Firstly, there may be a case for Norman & Emma being kept awake by Les’s loud
drilling and hammering; it is an indirect act because it is noise causing them the
disturbance. Locality could be a factor because it is possible that they are not
used to having people building nearby. However it could also be argued that they
are ‘sensitive’ because not everyone is a light sleeper. A similar case in which
the claim failed because of sensitivity would be Robinson V Kilvert – 1889,
where there was no liability when the heat required in the manufacture of the
defendants’ boxes downstairs in a building damaged the brown paper made by
the claimant upstairs, as it would not damage any other paper.
The noise is infringing on their enjoyment of the land and it could also be said
that Les was being malicious because they asked him to behave more
reasonably and he refused; so on those facts he could be found liable. However,
the fact that Les was given planning permission could potentially act as a
defence.
Another potential claim from Norman & Emma would be about the smell from
Les’s rubbish bin. Again, the interference is indirect and it is interfering with their
enjoyment of the land.
The third and final claim Norman & Emma could make against Les is for their
plants. The fumes are an indirect interference and because there was a damage
caused, it is likely that the claim for financial damages would be successful.
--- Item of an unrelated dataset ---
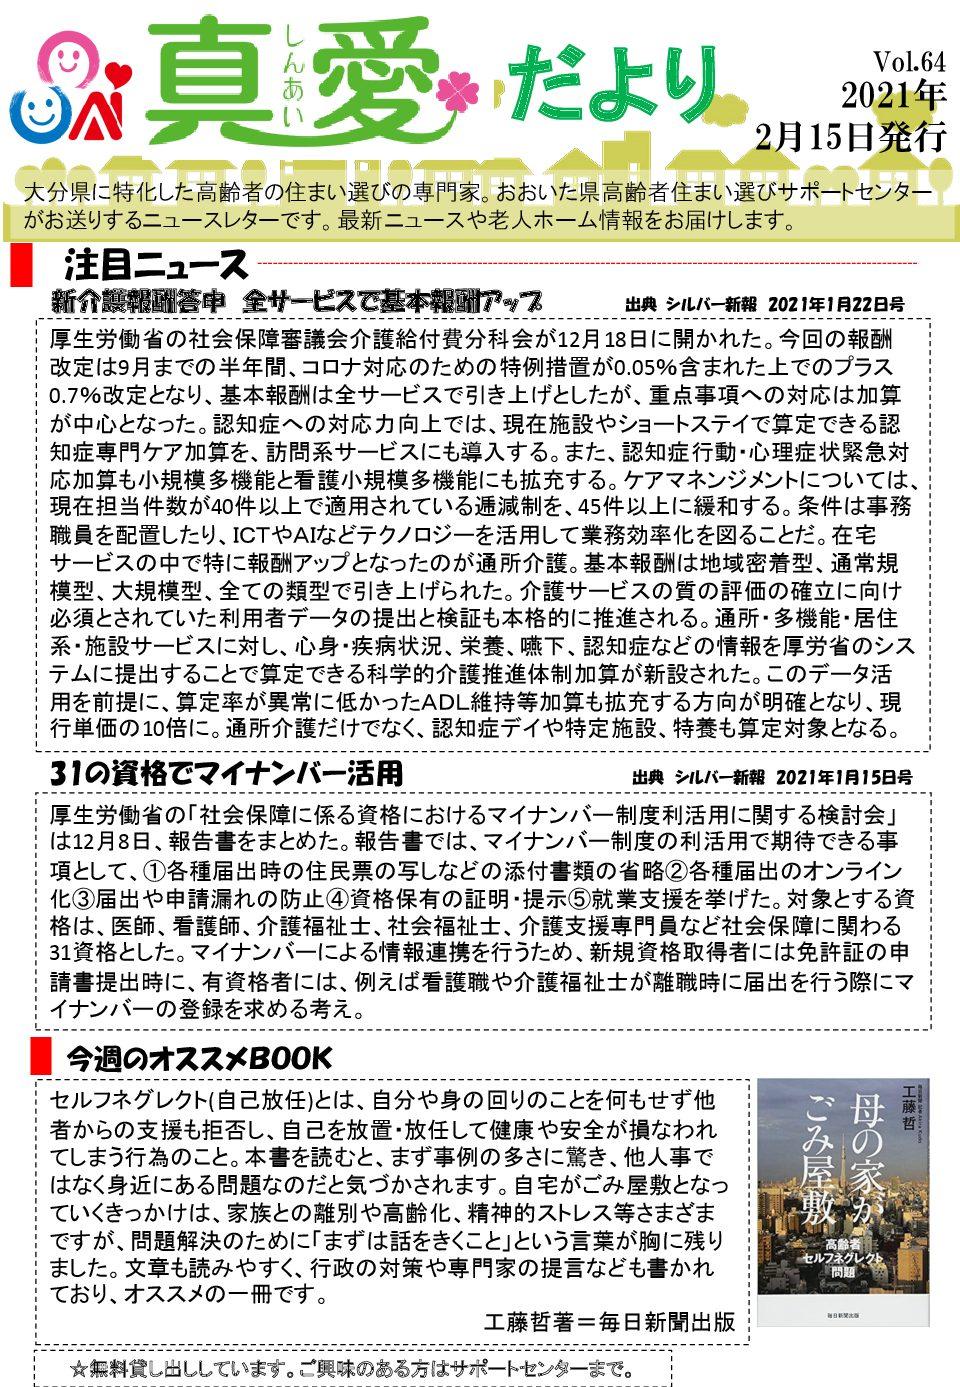 【vol.64】 2021.02.15発行

The next person who has a potential claim is Emily. The noise is an indirect
interference with her enjoyment of her land and so is the smell from the rubbish.
However, her reaction was similar to that in Christie V Davey – 1983, in which
the defendant, who started off being a potential claimant, retaliated maliciously
and consequently was sued successfully for nuisance, and therefore she has lost
any possible claim because of her malicious behaviour.
In conclusion, Norman and Emma could claim against Les for the interference of
their quiet enjoyment of their land, but they may not be successful because it
could be seen that they are ‘sensitive’ and there may also be a defence from the
planning permission.
Norman and Emma could also claim for nuisance in respect to the smell from the
rubbish bins, and this claim is likely to succeed.
Finally, they could claim for the damages to their plants caused by the fumes
emitted from Les’s rubbish. This is also likely to be successful because there has
been a clear damage due to an indirect interference cause by Les.
In regards to Emily, due to her malicious retaliation, any claim she previously had
is void and her claim is unlikely to succeed.